* **DATA BLOCK**:

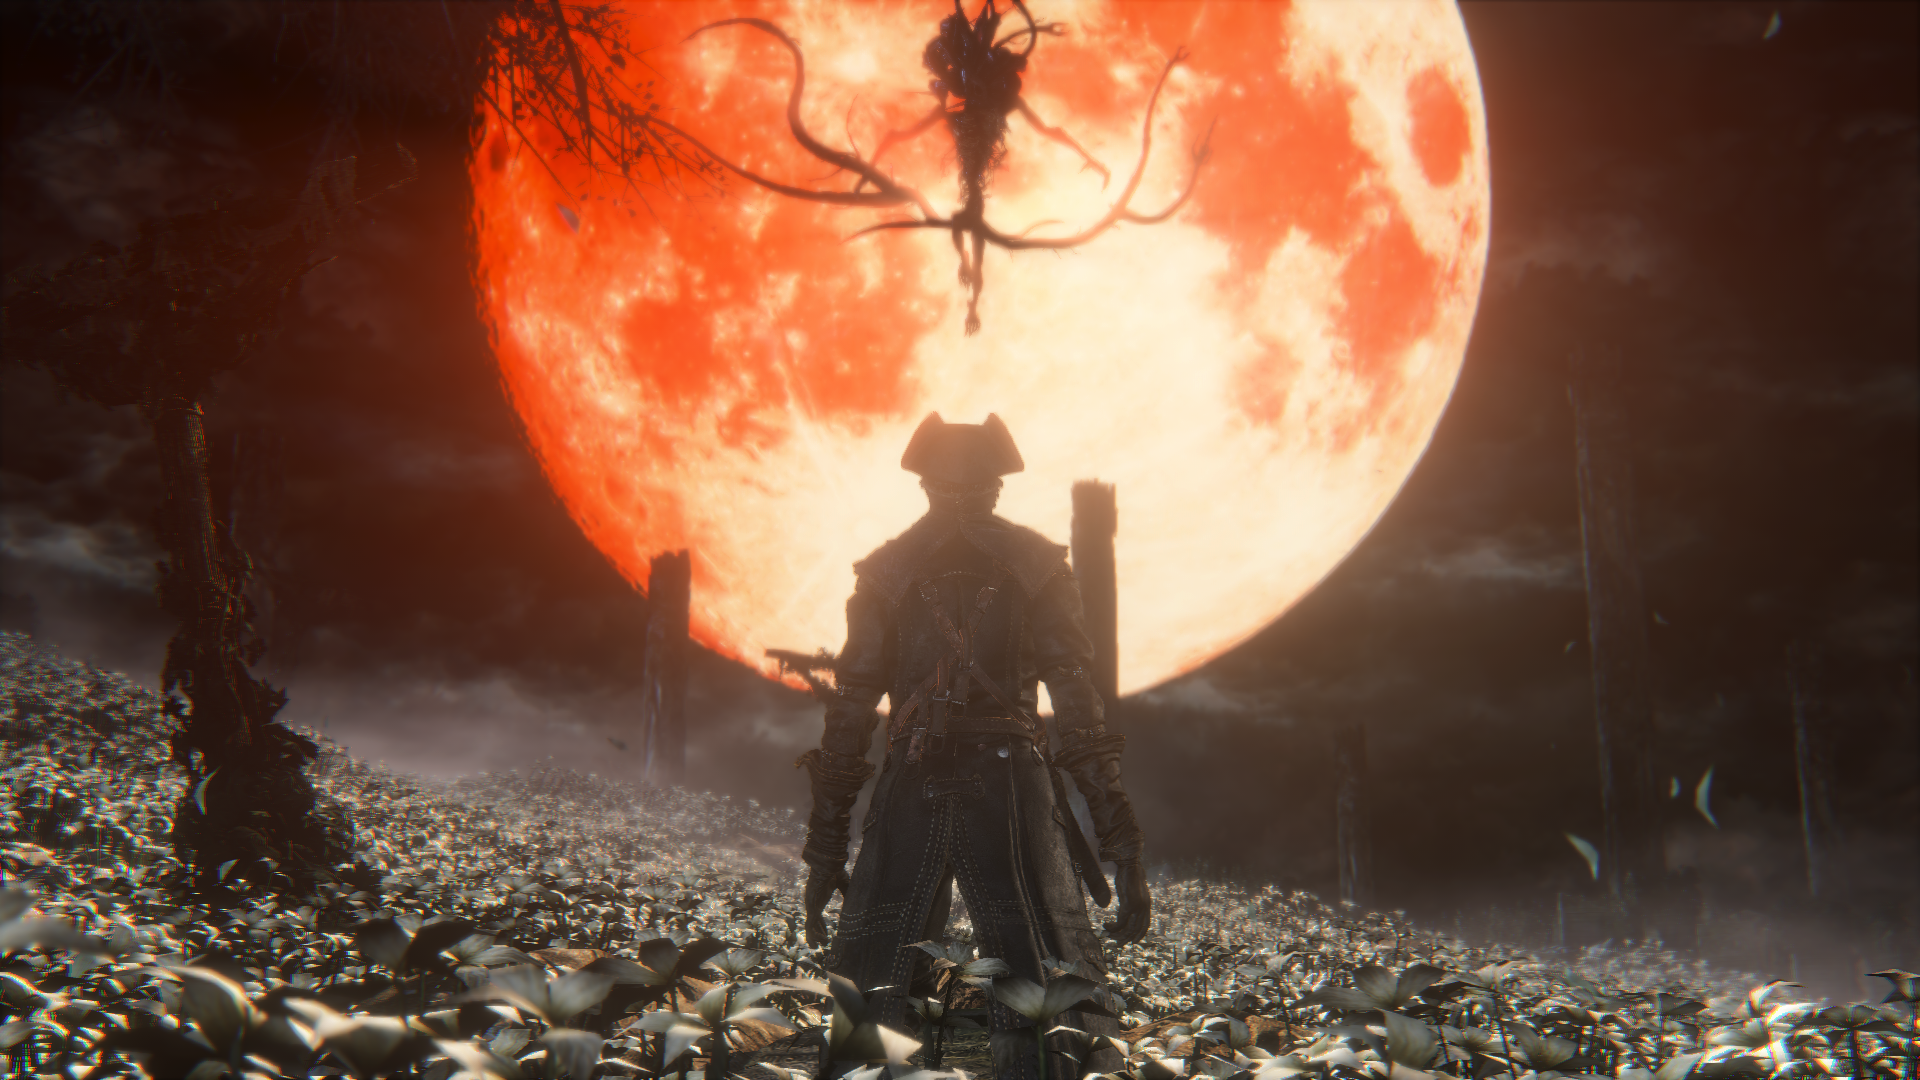 Splashy Rumors of the Presence of Bloodborne PC, Is It Possible?
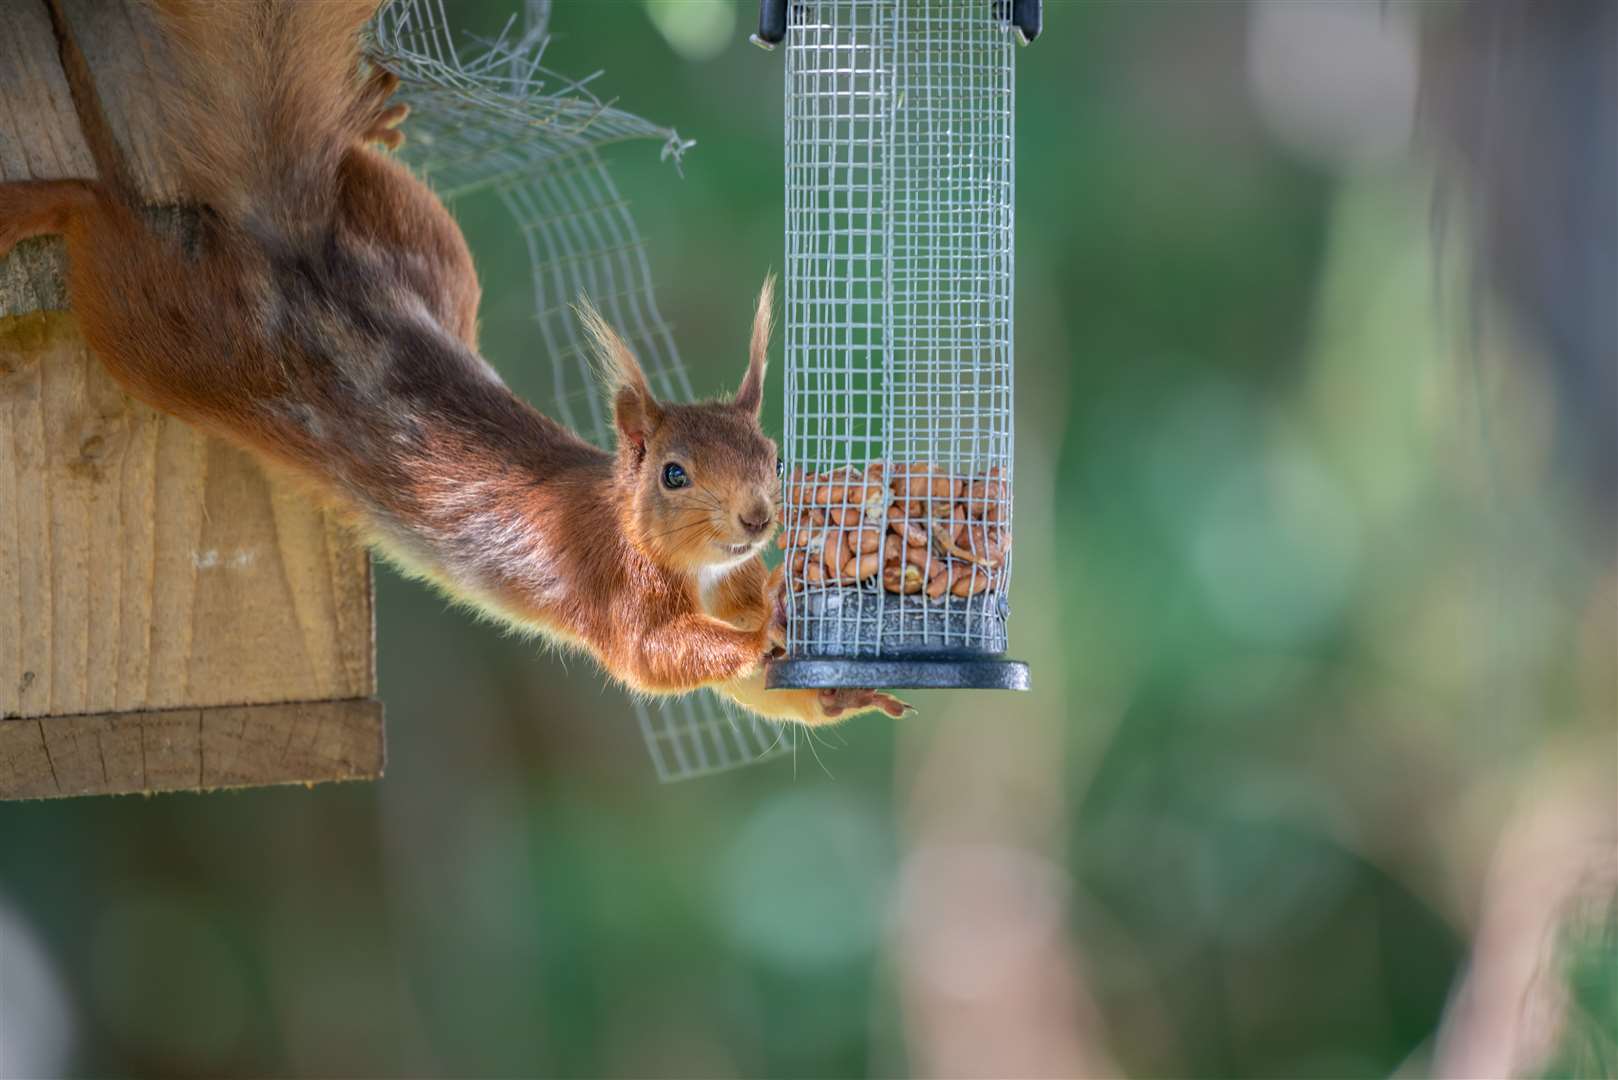 Help red squirrels in winter by leaving a variety of nuts every few days.
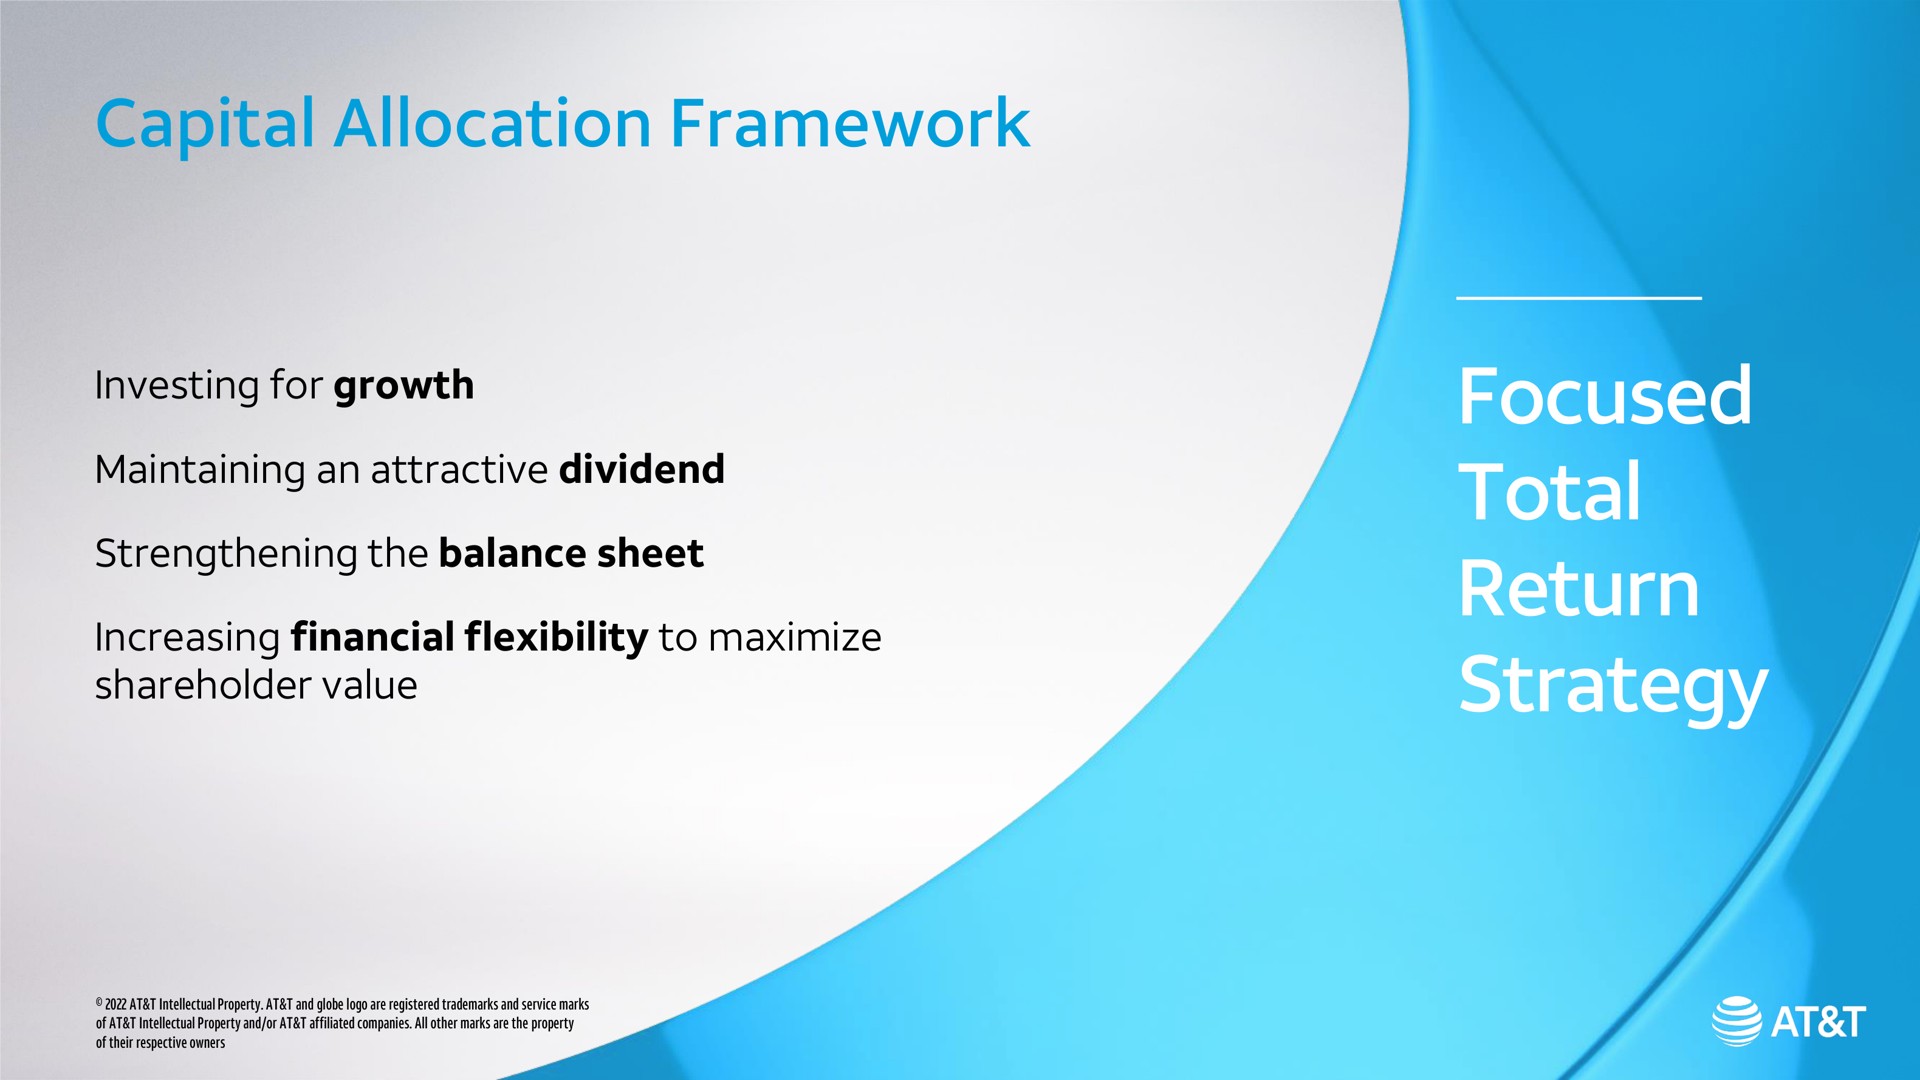 capital allocation framework focused total return strategy | AT&T
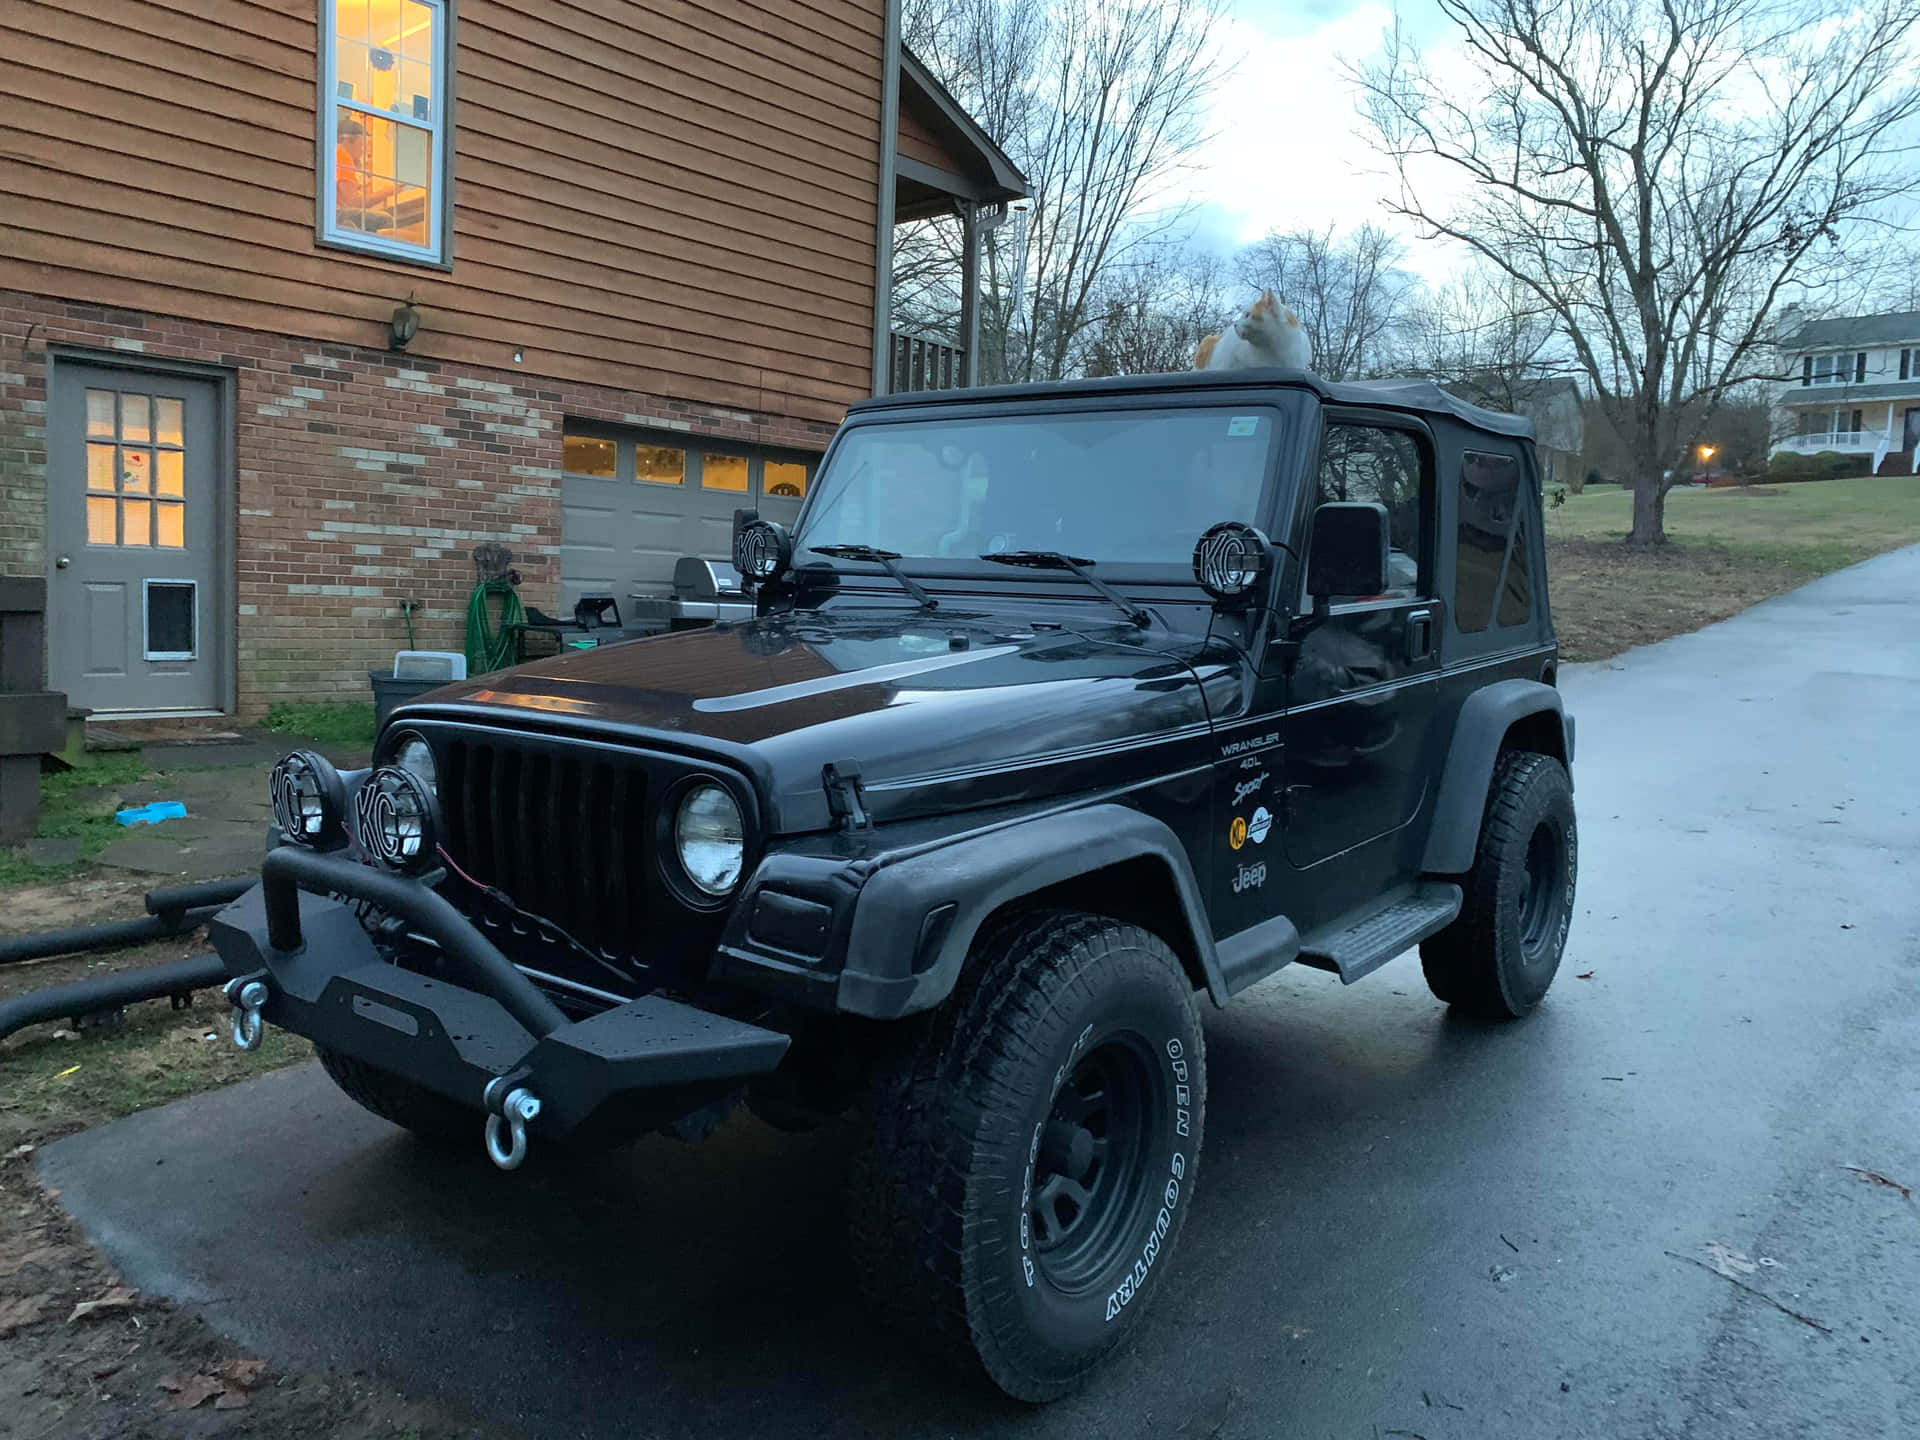 A Black Jeep Parked In Front Of A House

* **EXERCISE DETAILS**:
The data above should be returned in full, exactly as written, apart from its images.

* **EXERCISE SOLUTION**:
 Splashy Rumors of the Presence of Bloodborne PC, Is It Possible?
 Help red squirrels in winter by leaving a variety of nuts every few days.
 capital allocation framework focused total return strategy | AT&T
 A Black Jeep Parked In Front Of A House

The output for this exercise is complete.